Sysdig today published its Cloud-Native Security Report. The report found that 91% of runtime scans fail and only 2% of granted permissions are used in container environments.
Crystal Morin, cybersecurity strategist at Sysdig, said these results suggest that organizations are not making enough progress in securing cloud-native computing environments.
Based on Sysdig's analysis of millions of containers and thousands of cloud accounts, users, and roles, this study reinforces the need for continuous monitoring to secure cloud-native application environments. Morin says it has become clear that there are. He added that cybersecurity teams need to review the unnecessary privileges granted to end users as well as machines and software components as part of their efforts to implement Zero Trust IT.
However, the report also found some interesting contradictions. After analyzing nearly 6 million runtime image scans and over 500,000 continuous integration and delivery (CI/CD) build pipeline scans, we found that runtime scans had a vulnerability policy failure rate of 91%. compared to 71% for CI/CD pipelines.

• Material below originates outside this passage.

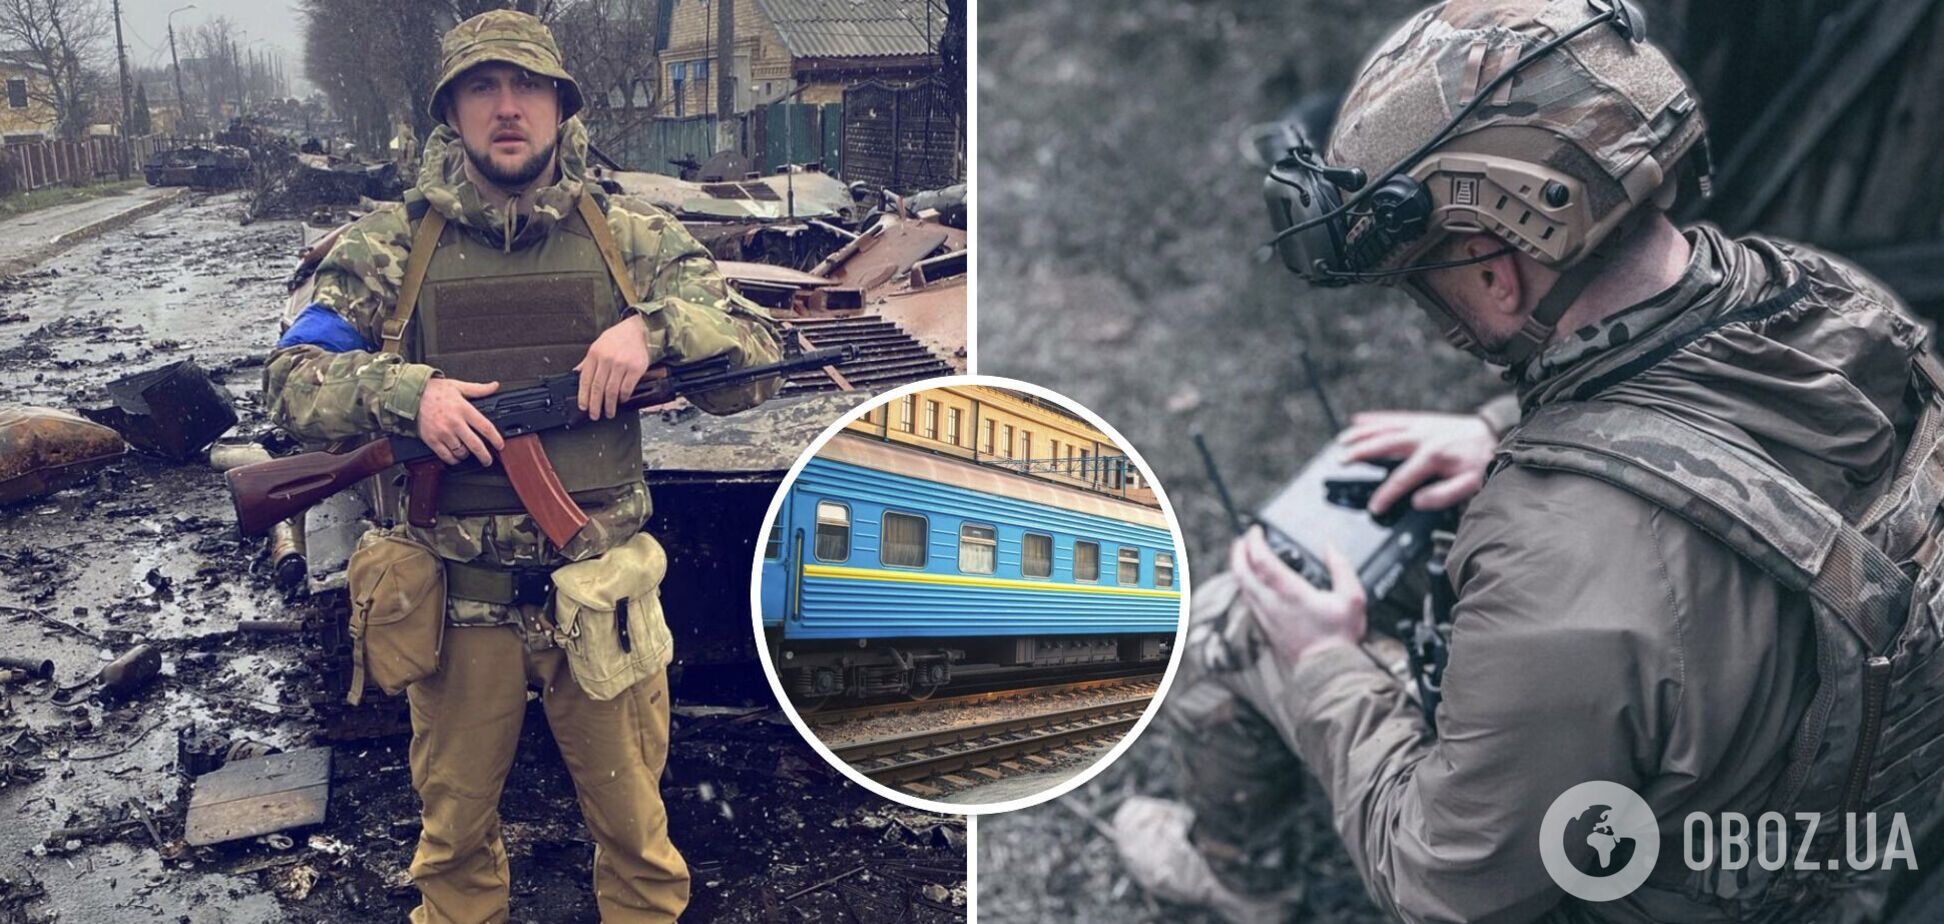 Репера-воина Ярмака обокрали в поезде Днепр-Киев, когда он спал: украли рюкзак с ноутбуком и камерой GoPro

In theory, Morin said, the more organizations shift responsibility for application security further to the left, the more the results should reverse. Organizations need to scan faster and more often. One possible explanation for this data is that additional dependencies outside the scope of the pipeline scan are being referenced. Another reason may be that organizations are simply skipping pipeline scans in favor of runtime checks to improve accuracy or reduce the burden on development teams. Finally, the report notes that, as is common with middleware components, not all packages are always checked.
Regardless of scan failure rates, more containers can be compromised than ever before. The report also notes that his 70% survival time in containers is less than 5 minutes. On average, it takes cybercriminals about 10 minutes to launch an attack. Morin points out that the longer a container is up, the more likely it is to be compromised.
Additionally, cybercriminals are becoming increasingly adept at monitoring cloud-native application environments, as they increasingly monitor vulnerable containers to be spun back. In fact, the amount of time his cybersecurity team has to discover and remediate container breaches is now increasing before cybercriminals exploit their exploits to laterally implant malware throughout his IT environment. It's measured in minutes, Morin said.
The Sysdig report states that 35% of attacks were identifiable by identifying indicators of compromise (IoCs), while the remaining 65% required additional behavioral detection mechanisms.
Finally, the report also reveals that more and more artificial intelligence (AI) models are running in cloud-native application environments. More than two-thirds (69%) of organizations have not yet incorporated AI into their cloud environments. 31% of enterprises integrate AI frameworks and packages, but only 15% of these integrations are used for generative AI tools such as: As a large-scale language model (LLM). AI adoption varies widely, but one thing is clear: new types of software artifacts are emerging in container environments that need to be secured.
As always, the challenge now is to distinguish what level of cybersecurity risk each of these artifacts actually represents to an organization.